In psoriasis, the efficacy of IL-17 inhibition has been gradually accumulating, and real-world evidence of secukinumab treatment has confirmed its high effectiveness [25–31]. In a meta-analysis including 43 real-world studies of psoriatic patients treated with secukinumab, PASI 90 were achieved in 50, 53, and 60% of cases at 3, 6, and 12 months, and PASI 100 in 36, 46, and 51% of cases at 3, 6, and 12 months, respectively [31]. In our series, at week 48, PASI 90 was reached by 64.7% of patients and PASI 100 by 38.2%. Moreover, in our study, secukinumab was well tolerated with no new or unexpected safety signal.

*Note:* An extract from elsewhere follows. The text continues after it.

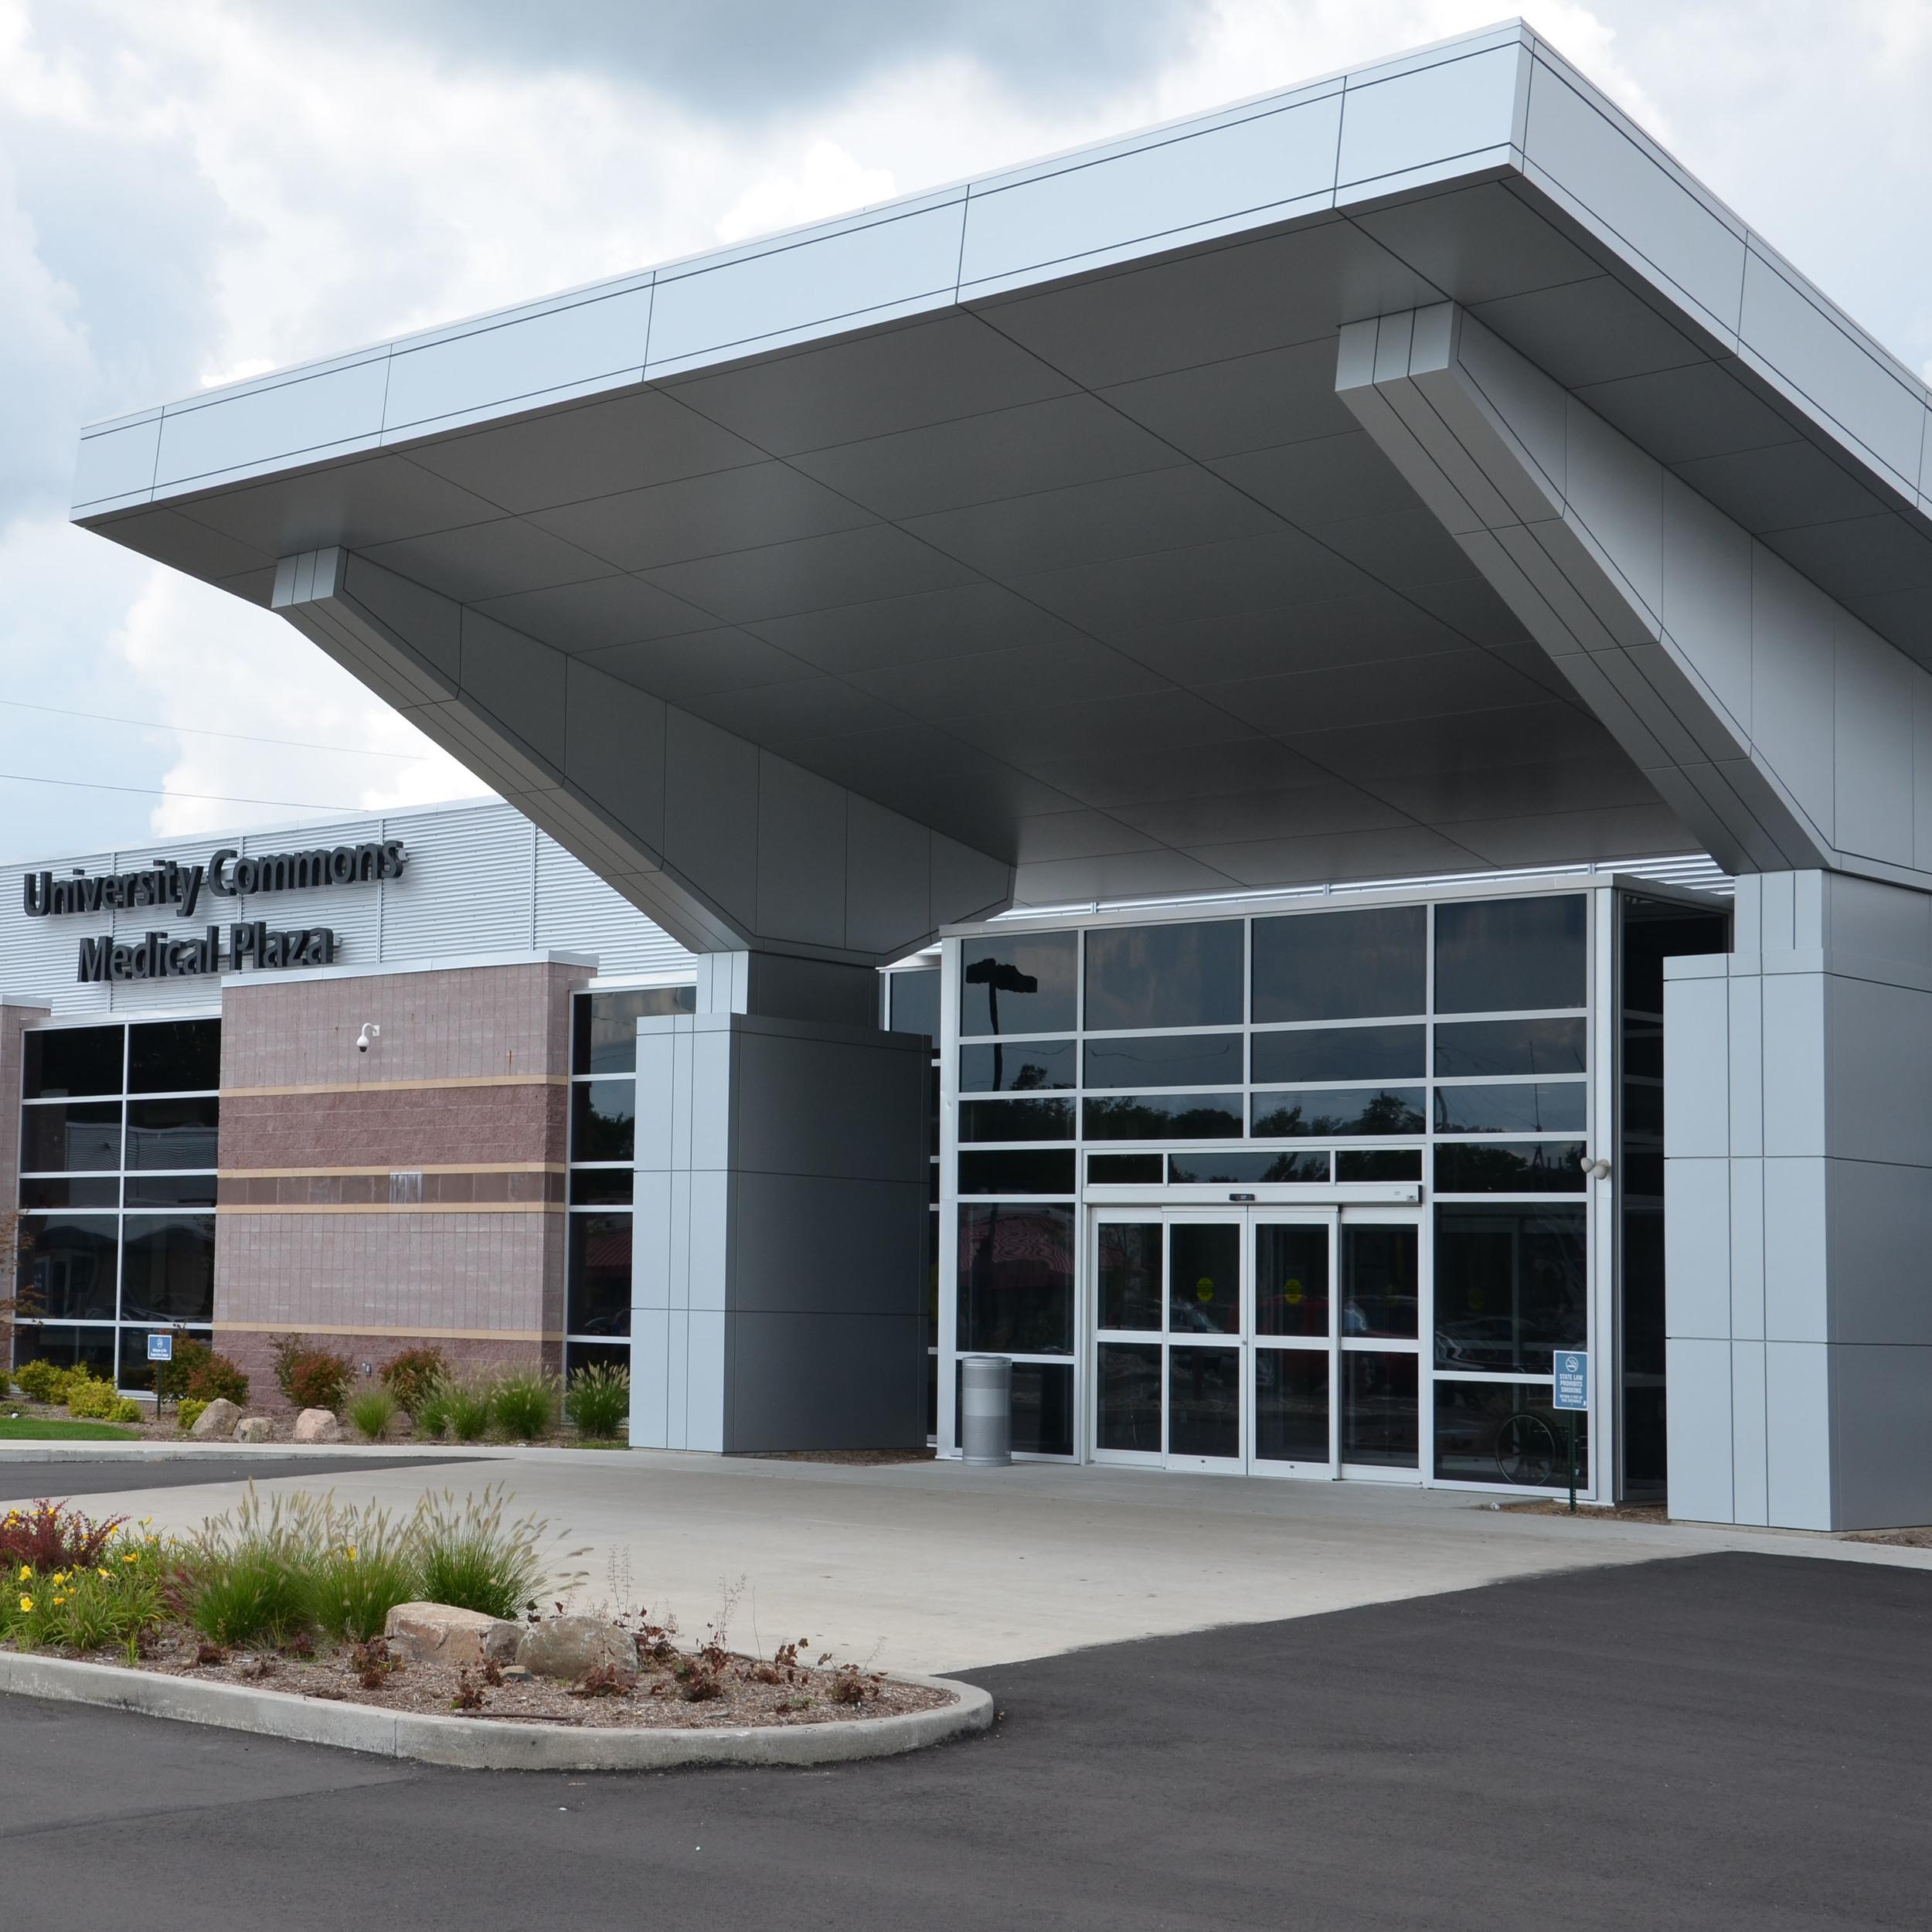 University Commons Medical Plaza
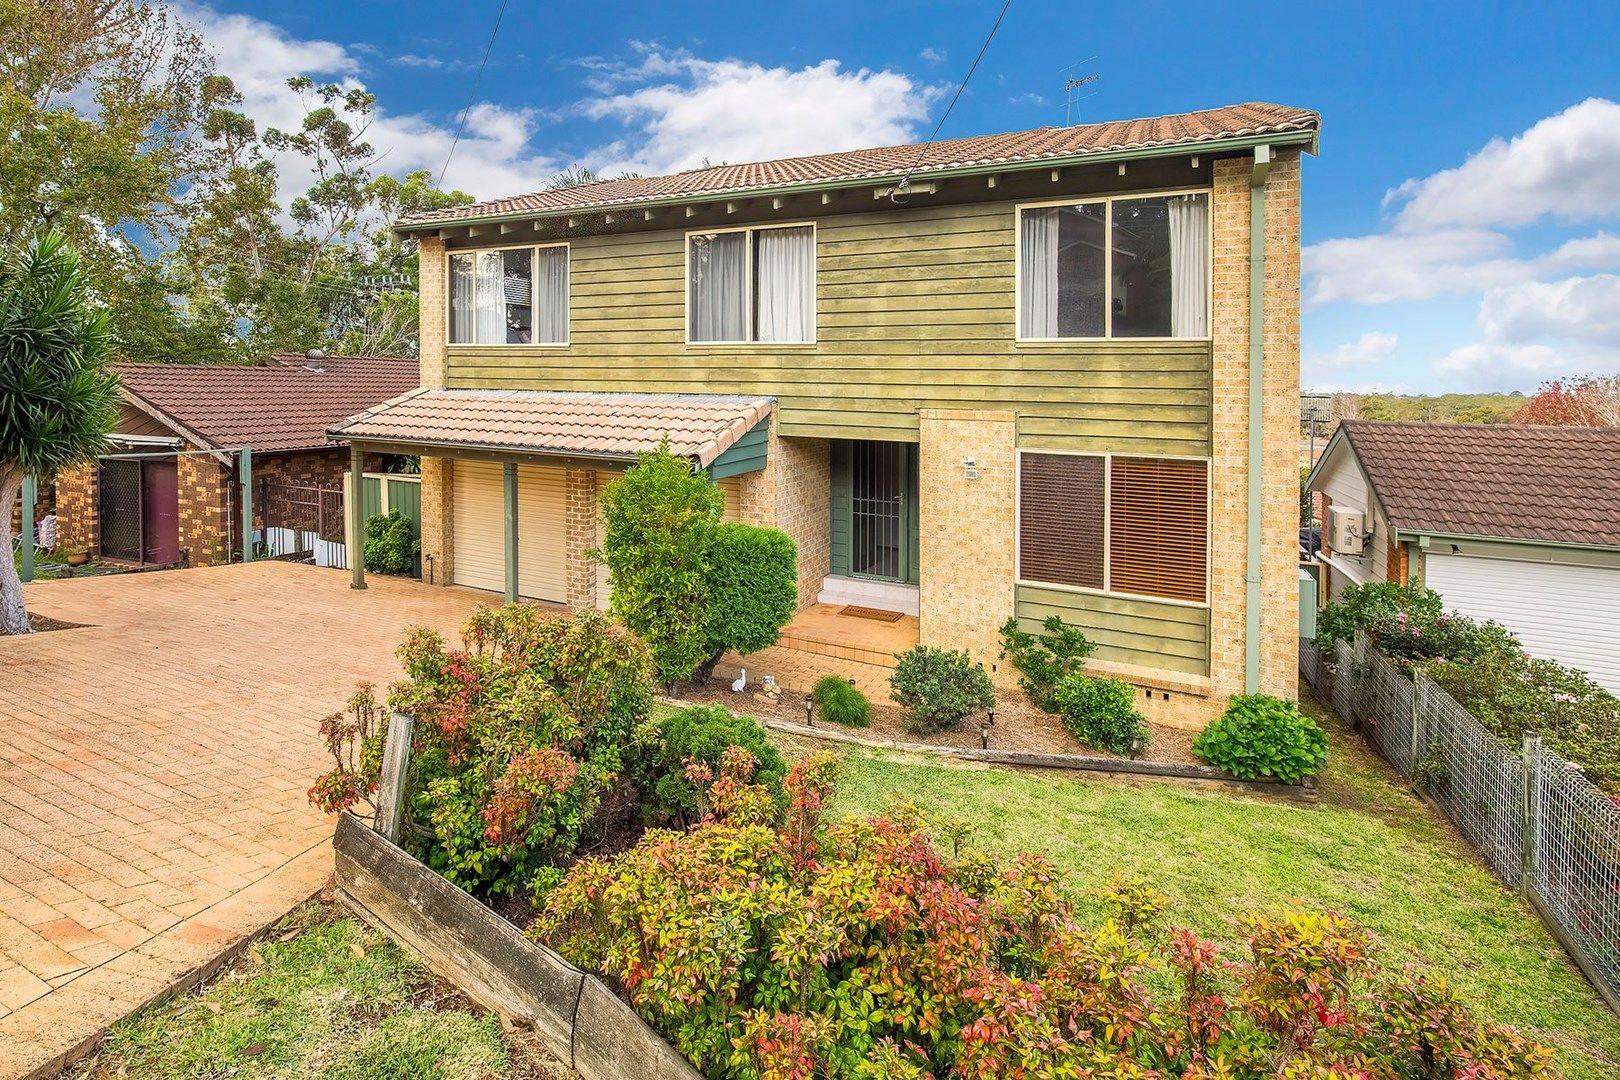 15 Hillside Drive, Berkeley Vale NSW 2261, Image 0

There are limitations to our study that may affect the generalization of results. The relatively small number of patients and the heterogeneity of cancer types and oncological information did not allow us to statistically analyze data, giving only descriptive information. Due to potential fragmentation and inconsistency of information in clinical records, we decided not to collect and describe patients' history of keratinocytic tumors. In addition, the inclusion of early stage tumors and the short duration of observation might have led us to underestimate the cancer recurrence, although we recognize that our findings are in line with the literature. Nevertheless, our cohort of patients is the largest reported to date and focuses on a single drug, secukinumab, adding evidence to the scarce body of real-life experiences on biologics and the risk of cancer.

Conclusions

Our multicenter real-life experience adds evidence to the safety of secukinumab in psoriatic patients with a personal history of cancer. Further real-life studies with larger populations and longer observation periods are needed to confirm the findings.